Member of the New York City Council from the 33rd District
- In office January 1, 2002 – December 31, 2009
- Preceded by: Ken Fisher
- Succeeded by: Stephen Levin

Personal details
- Spouse: Diana Fortuna
- Children: 2
- Alma mater: The Dalton School Princeton University Yale Law School
- Profession: Lawyer

= David Yassky =

American lawyer and politician

David S. Yassky is an American lawyer and politician. He was a member of the New York City Council from 2002 until 2009, the chairperson of the New York City Taxi and Limousine Commission, and the Dean of Pace University School of Law from April 2014 to April 2018.

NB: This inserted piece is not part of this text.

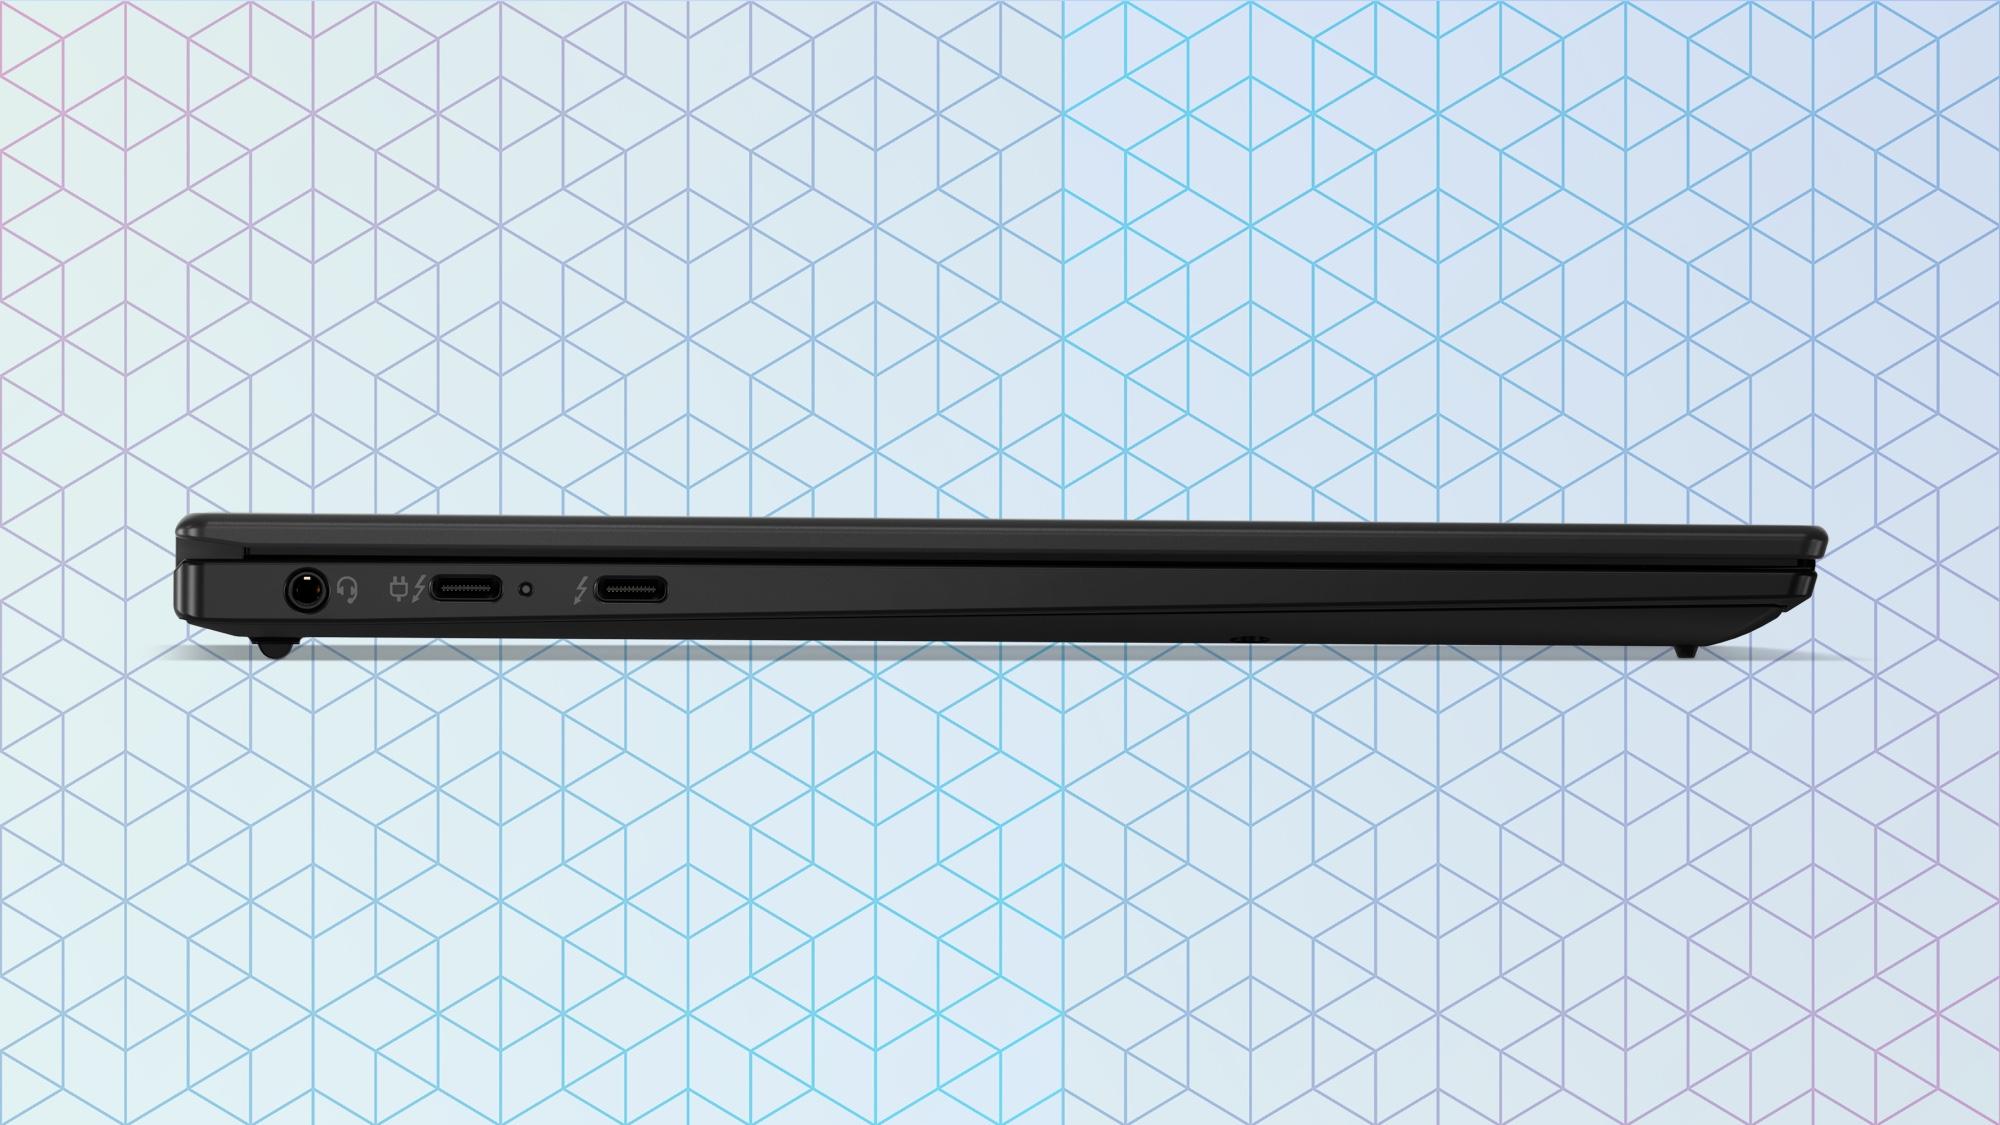 Lenovo ThinkPad X1 Nano ports

In 2006, Yassky ran for U.S. Congress in Brooklyn, losing to Yvette Clarke, and in 2009 he ran a losing campaign for the Democratic nomination for New York City Comptroller. In 2022, he ran in the primary for the New York State Senate.

==Education==
The son of a prominent lawyer and an entertainment executive, Yassky attended the Dalton School on Manhattan's Upper East Side, Princeton University and Yale Law School.

==Career==
He was a budget analyst for the New York City Mayor's Office of Management and Budget. He then served as chief counsel to the House Subcommittee on Crime, a subcommittee chaired by Charles Schumer. Yassky was a member of the faculty of the Brooklyn Law School.

===City Council===
Yassky was elected to the New York City Council in 2001, representing the 33rd district, which includes parts of downtown Brooklyn, including Brooklyn Heights, Greenpoint, Williamsburg, DUMBO, Boerum Hill and Park Slope. He was chair of the Council's Small Business Committee.

Yassky was one of 29 council members who voted in 2008 to extend term limits for themselves effectively ignoring two previous public votes imposing a limit of two terms. Hours before the final vote on term limits, Yassky proposed an amendment from the floor that would have altered the legislation to require approval by popular vote before term limits could change. The amendment failed by a vote of 28-22, but Yassky voted for the extension anyway.

===2006 Congressional campaign===
In 2006, Yassky ran for the Democratic Party's nomination for the 11th Congressional District seat, an open seat held by the retiring Congressman Major Owens. He was part of a four-way race which also included New York State Senator Carl Andrews, New York City Council member Yvette D. Clarke and Major Owens's son Chris Owens.

During the primary, Major Owens called Yassky a "colonizer," and Al Sharpton called Yassky "greedy." City Council member Albert Vann sent an email to Black elected officials stating that "we are in peril of losing a 'Voting Rights' district ... as a result of the well financed candidacy of Council Member David Yassky, a white individual." The area had been represented by politicians of African or Caribbean descent since the election of Shirley Chisholm in 1968.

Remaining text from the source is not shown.